**Data to examine:**
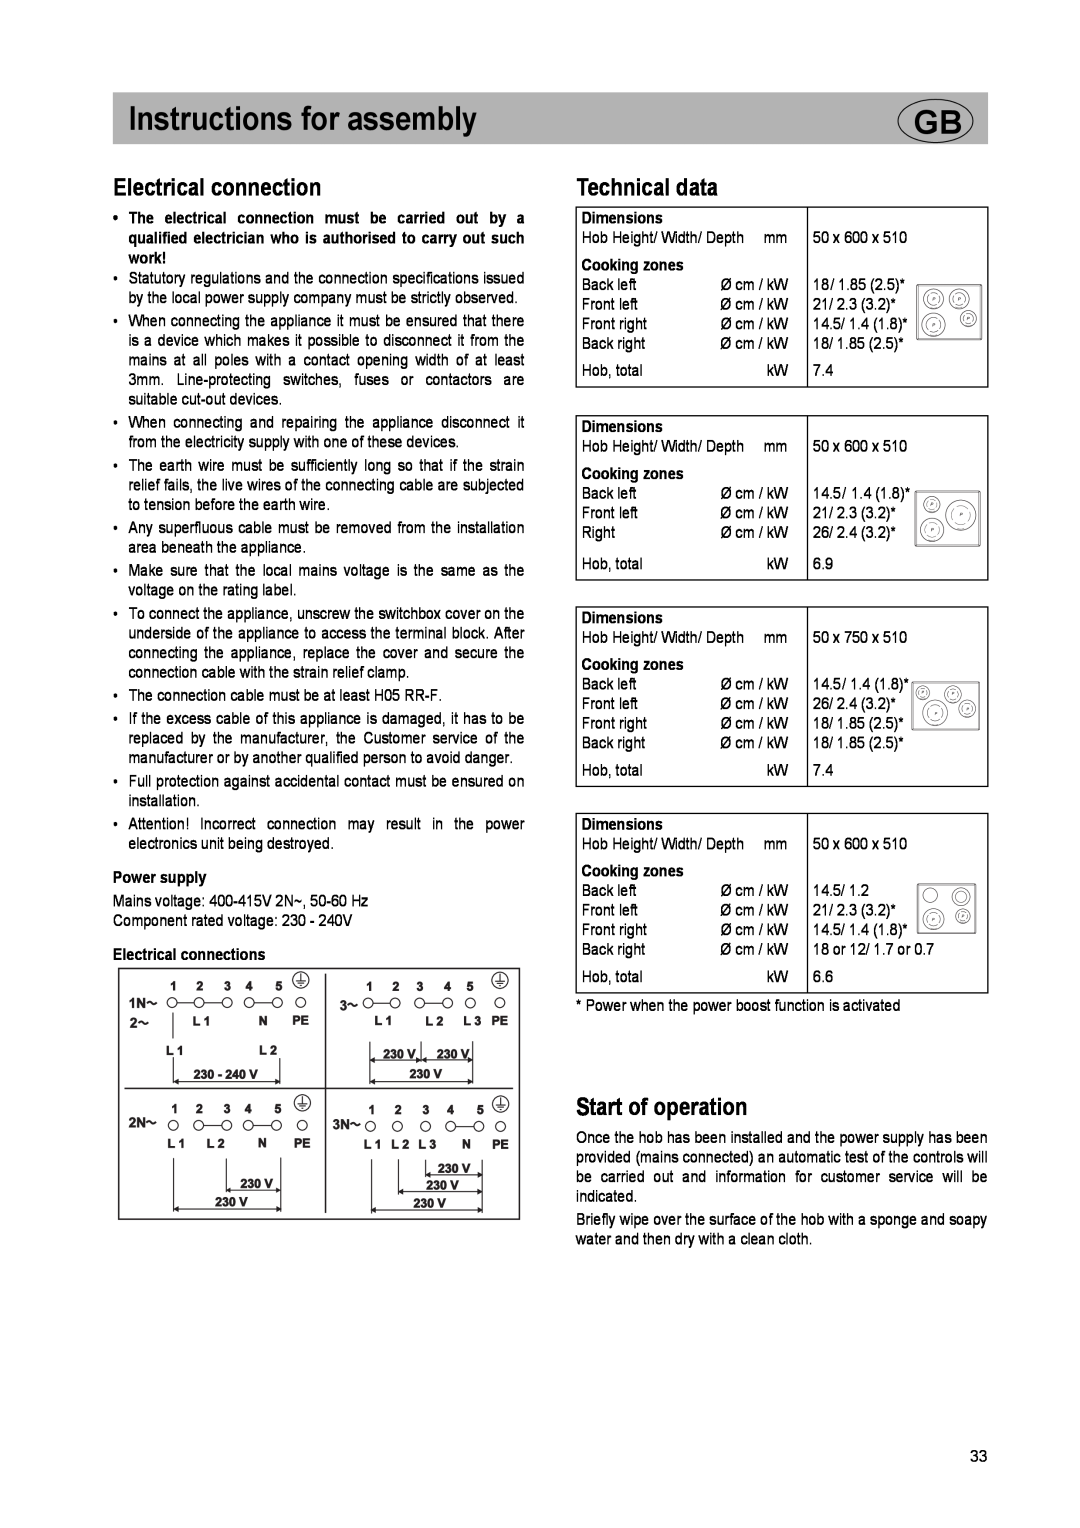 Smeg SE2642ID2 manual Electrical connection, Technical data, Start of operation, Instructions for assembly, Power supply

--

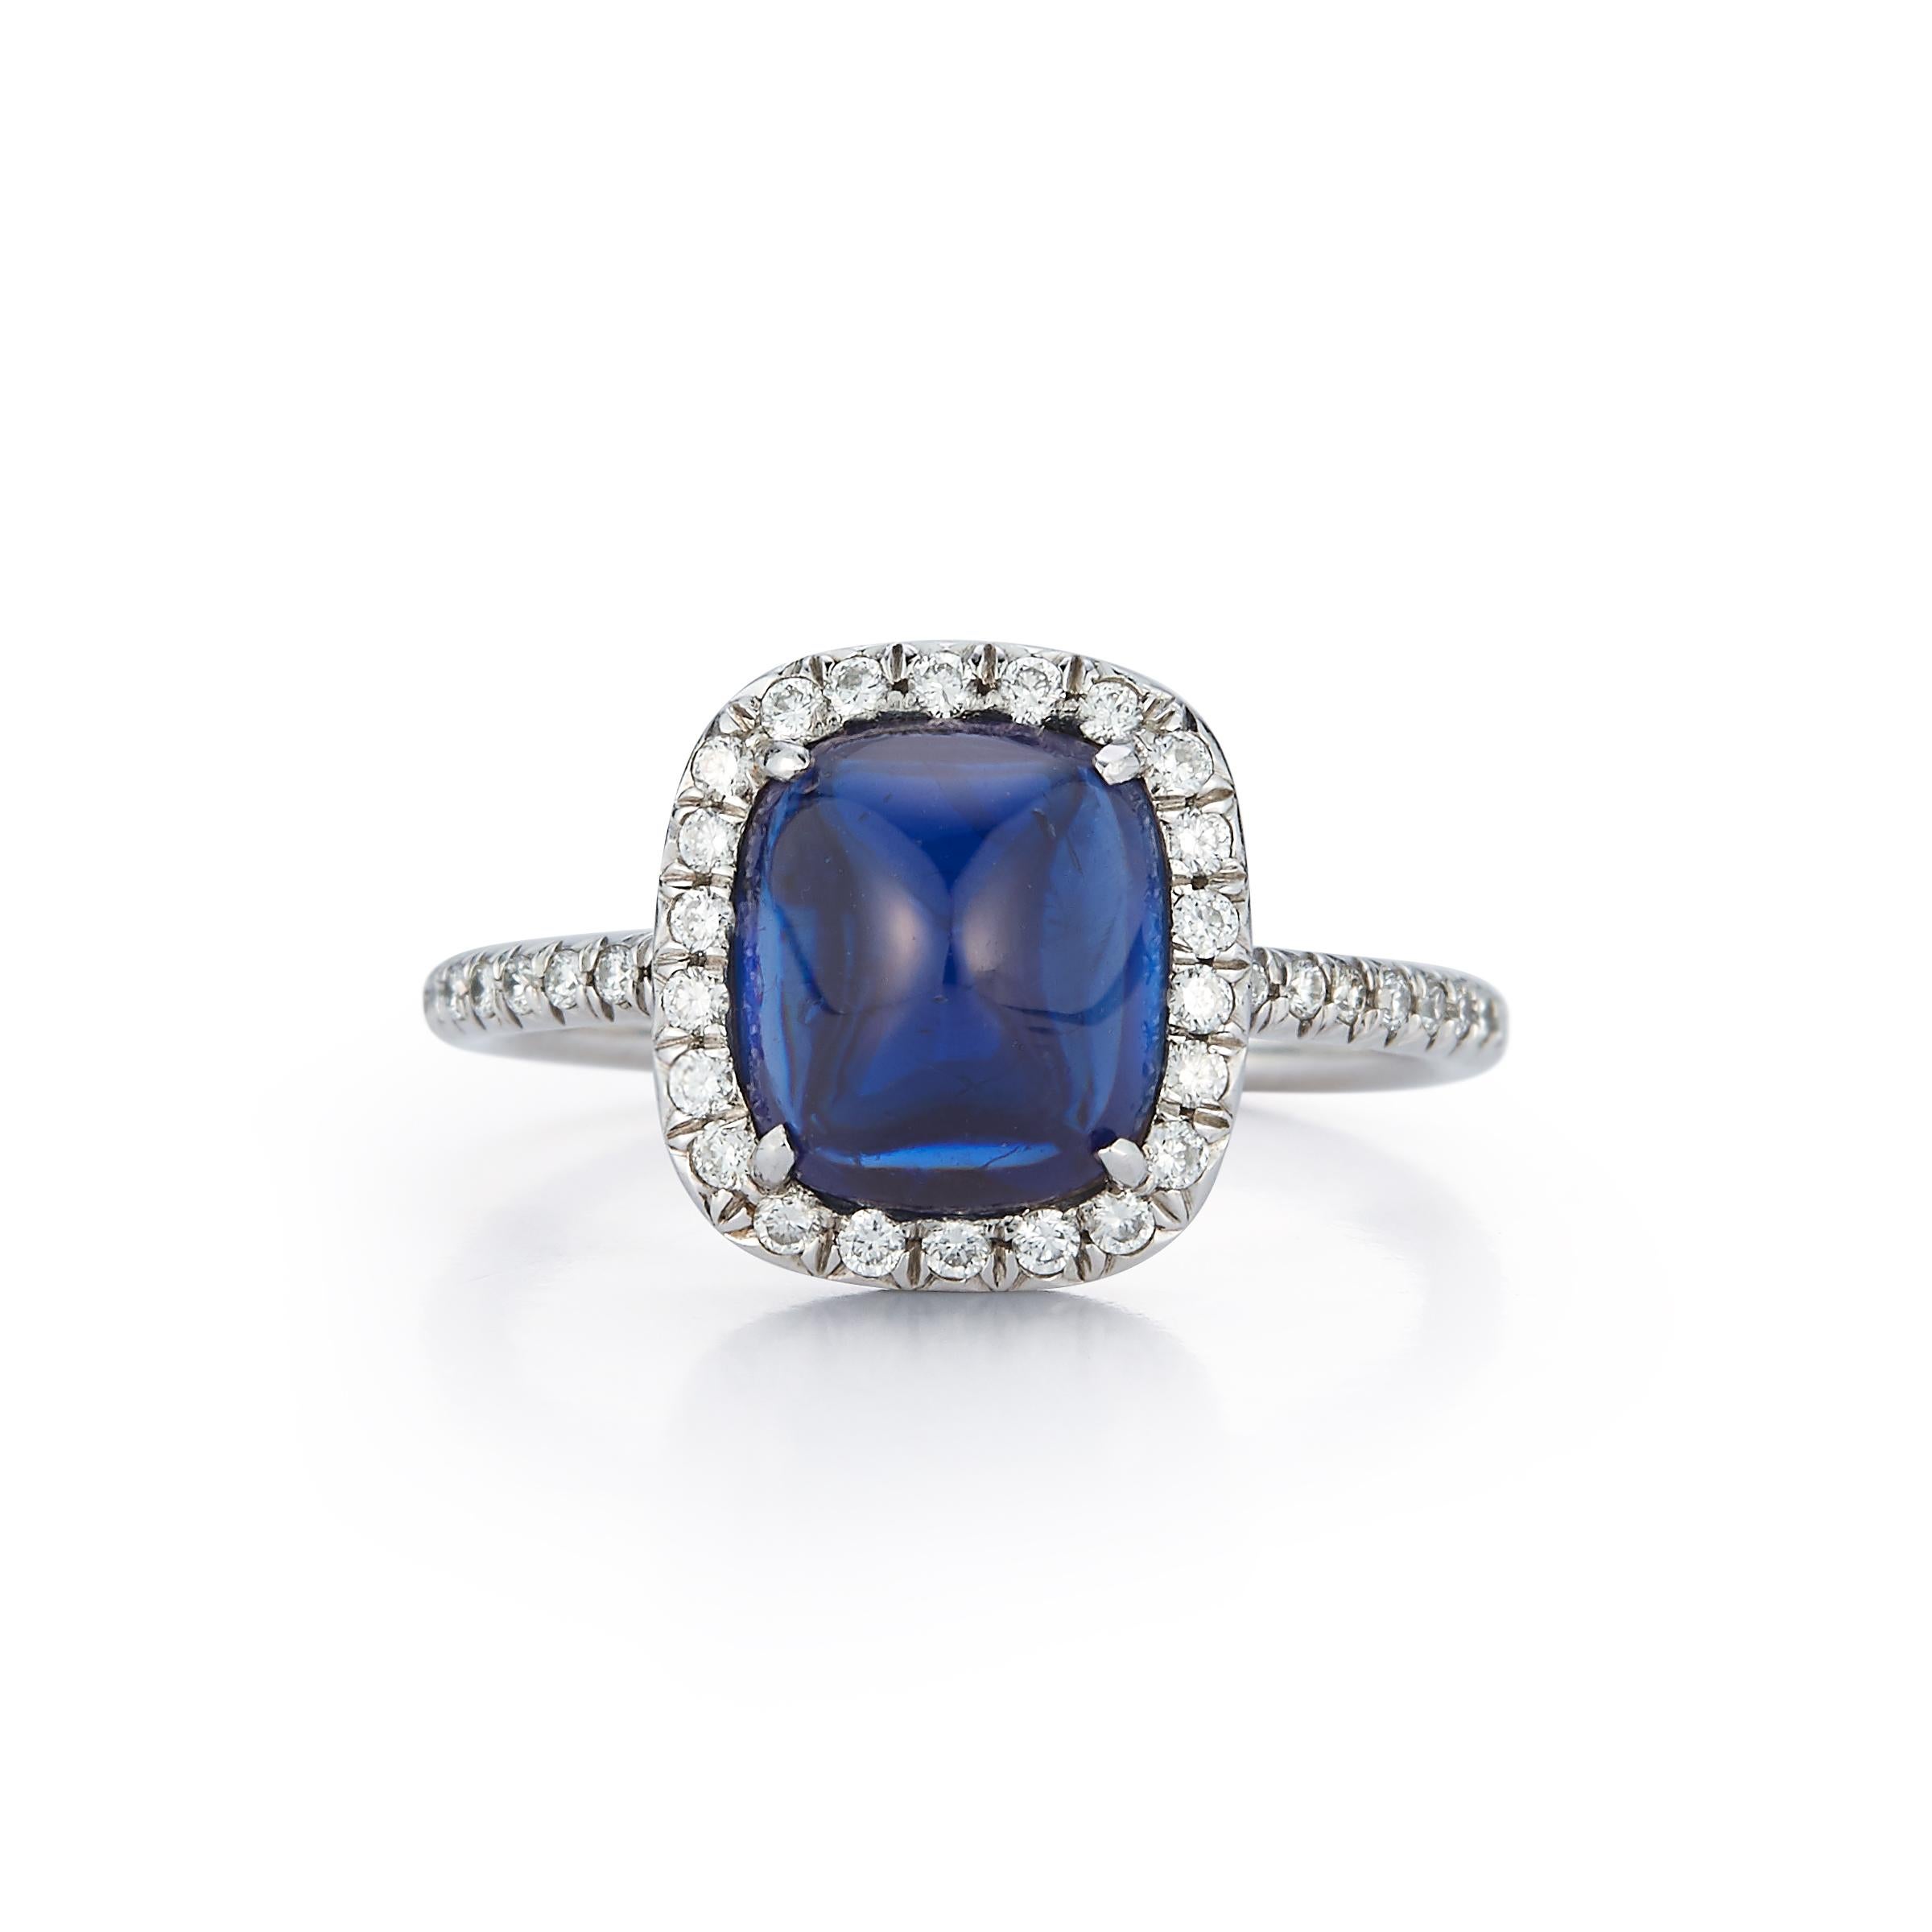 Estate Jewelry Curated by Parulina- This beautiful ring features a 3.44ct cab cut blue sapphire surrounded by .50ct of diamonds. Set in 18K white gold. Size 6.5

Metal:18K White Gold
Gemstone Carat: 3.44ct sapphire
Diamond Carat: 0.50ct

**What this task involves:**
Transcribe, exactly and without additions, the lines of the records above, beginning with the line that contains "Metal:18K White Gold" and ending with the line that contains "Diamond Carat: 0.50ct", both included.

**Exercise result:**
Metal:18K White Gold
Gemstone Carat: 3.44ct sapphire
Diamond Carat: 0.50ct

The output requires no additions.